Fats to use and avoid in patients with kidney disease and diabetes:
The optimal amount of fats for DKD patients has not been defined yet. The general guidelines suggest that reduced intake of saturated fat and trans-fat contributes to a reduced risk of cardiovascular diseases.
In DKD (diabetic kidney disease) saturated fats are limited to <7% of total calories. In comparison to the quantity of fat, its quality has a greater effect. Poly-unsaturated fatty acids (PUFA’s) and Mono-unsaturated fatty acids (MUFA’s) are known to have a beneficial impact on the control of hypertension and dyslipidemia. In recent studies, it has been observed that higher dietary intake of PUFA’s lowers the incidence of End-Stage Renal Disease (ESRD).
Phosphorus and its impact on DKD:
Phosphorus is a mineral that is found in bones and teeth along with Calcium. With impaired renal function, the excretion rate of phosphorus is decreased which results in an increased amount of phosphorus in the blood.
Therefore, intake of foods with high phosphorus content must be reduced. Phosphorus intake for Diabetic kidney disease patients must be 800-1000mg/day, to prevent hyperphosphatemia.
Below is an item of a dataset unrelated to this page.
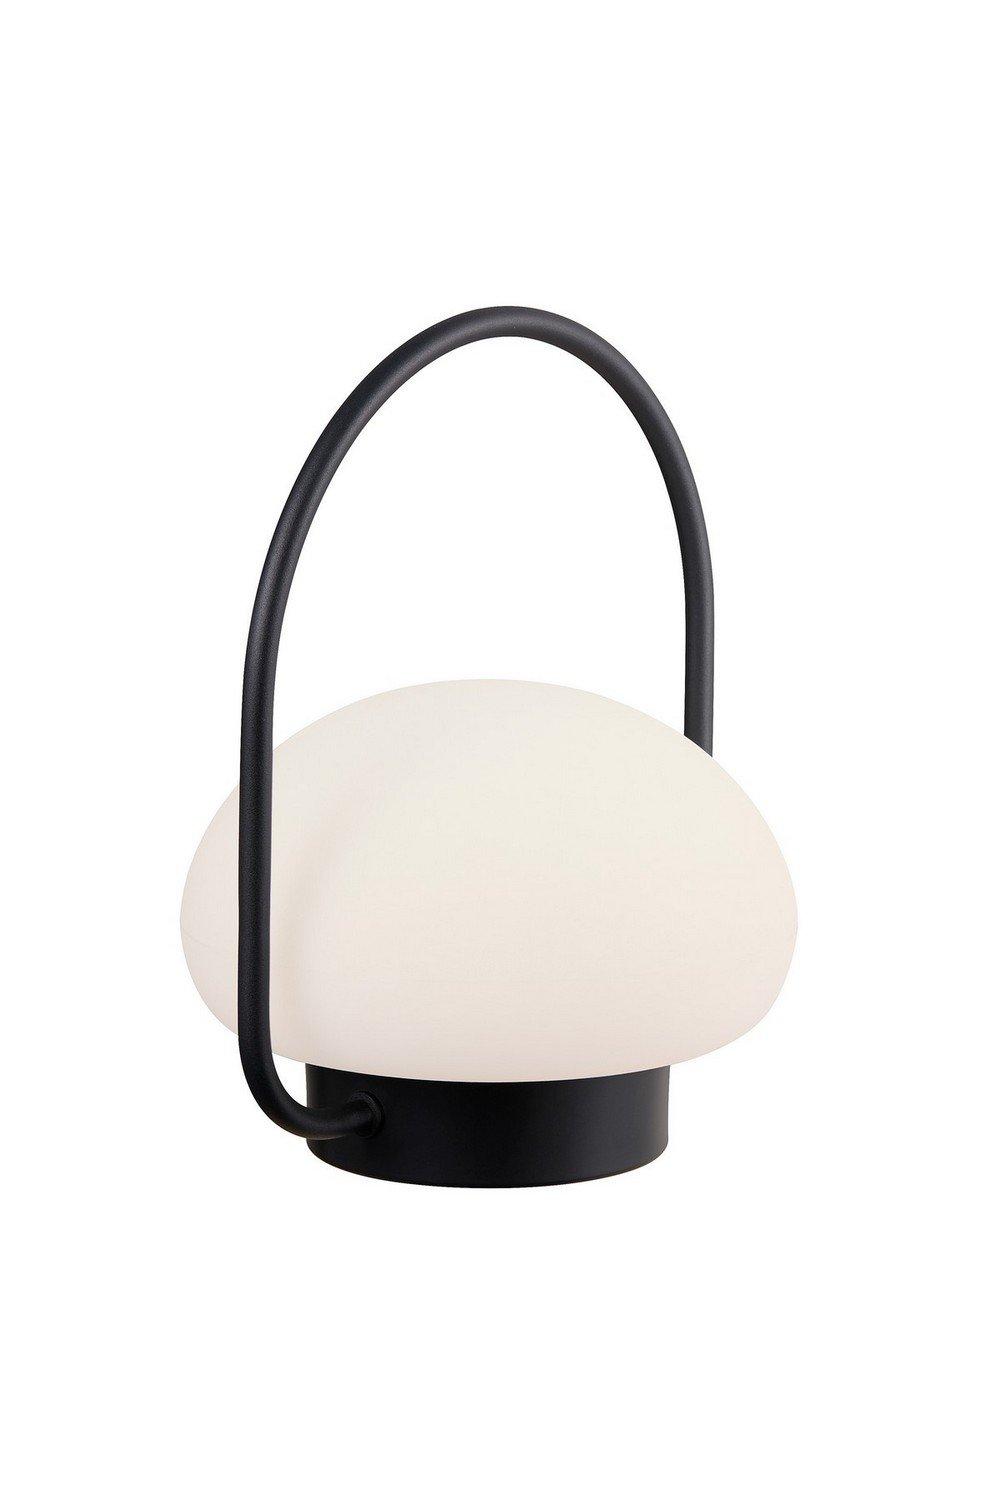 Sponge To Go LED Dimmable Outdoor Portable Lamp White IP65 2700K

Foods with a High protein to phosphorus ratio should be restricted.
Some of the products with high phosphorus content include:
- Milk and milk products
- Soft drinks and other beverages
- Frozen and Canned products
- Processed food items.
Vegan diet consumption must be encouraged and plant protein should be preferred because only 50% of phosphorus is absorbed from vegetable sources.
Sodium and Other Minerals to use and avoid in patients with diabetic kidney disease:
Sodium restriction in Diabetic Kidney Disease (DKD) is similar to that of Chronic Kidney Disease (CKD), a low amount of sodium has been proved to be beneficial as it affects blood pressure, the efficiency of anti-hypertensive medication, and proteinuria.
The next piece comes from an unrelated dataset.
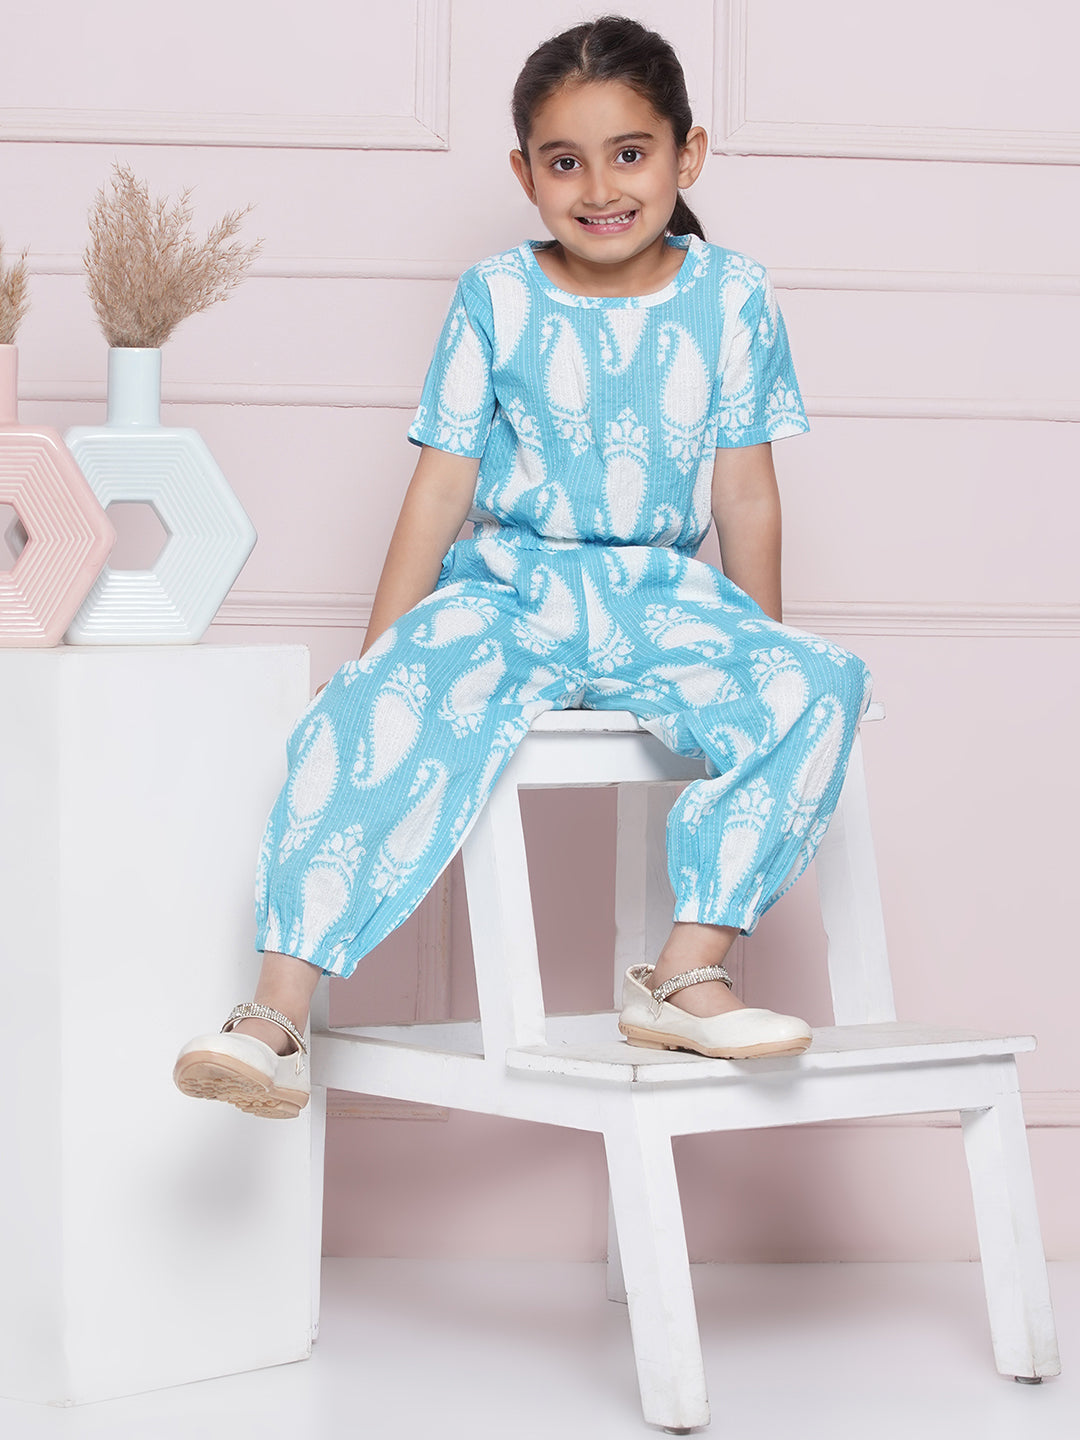 AJ Dezines Half Sleeves Blue Paisley Print Cotton Top and Pant for Girls

Dietary sodium intake for DKD patients is 1,500-2,000 mg/day. Sodium restriction is categorized as:
- Mild restriction (1,500-2,000mg/day),
- Moderate (1,000-1,500 mg/day) and
- Extreme (<1,000mg/day)
according to the patient’s blood pressure.
Calcium intake should be <2000mg/day inclusive of supplements
Avoid drugs that may damage your kidneys:
It is the poisonous effect of some drugs or medications on kidney function. Patients with Diabetic Nephropathy must avoid nephrotoxic agents like Non-Steroidal Anti-Inflammatory Drugs (NSAIDs) and Cyclooxygenase 2 (COX-2) inhibitors. These drugs are known to cause a decreased glomerular filtration rate (GFR).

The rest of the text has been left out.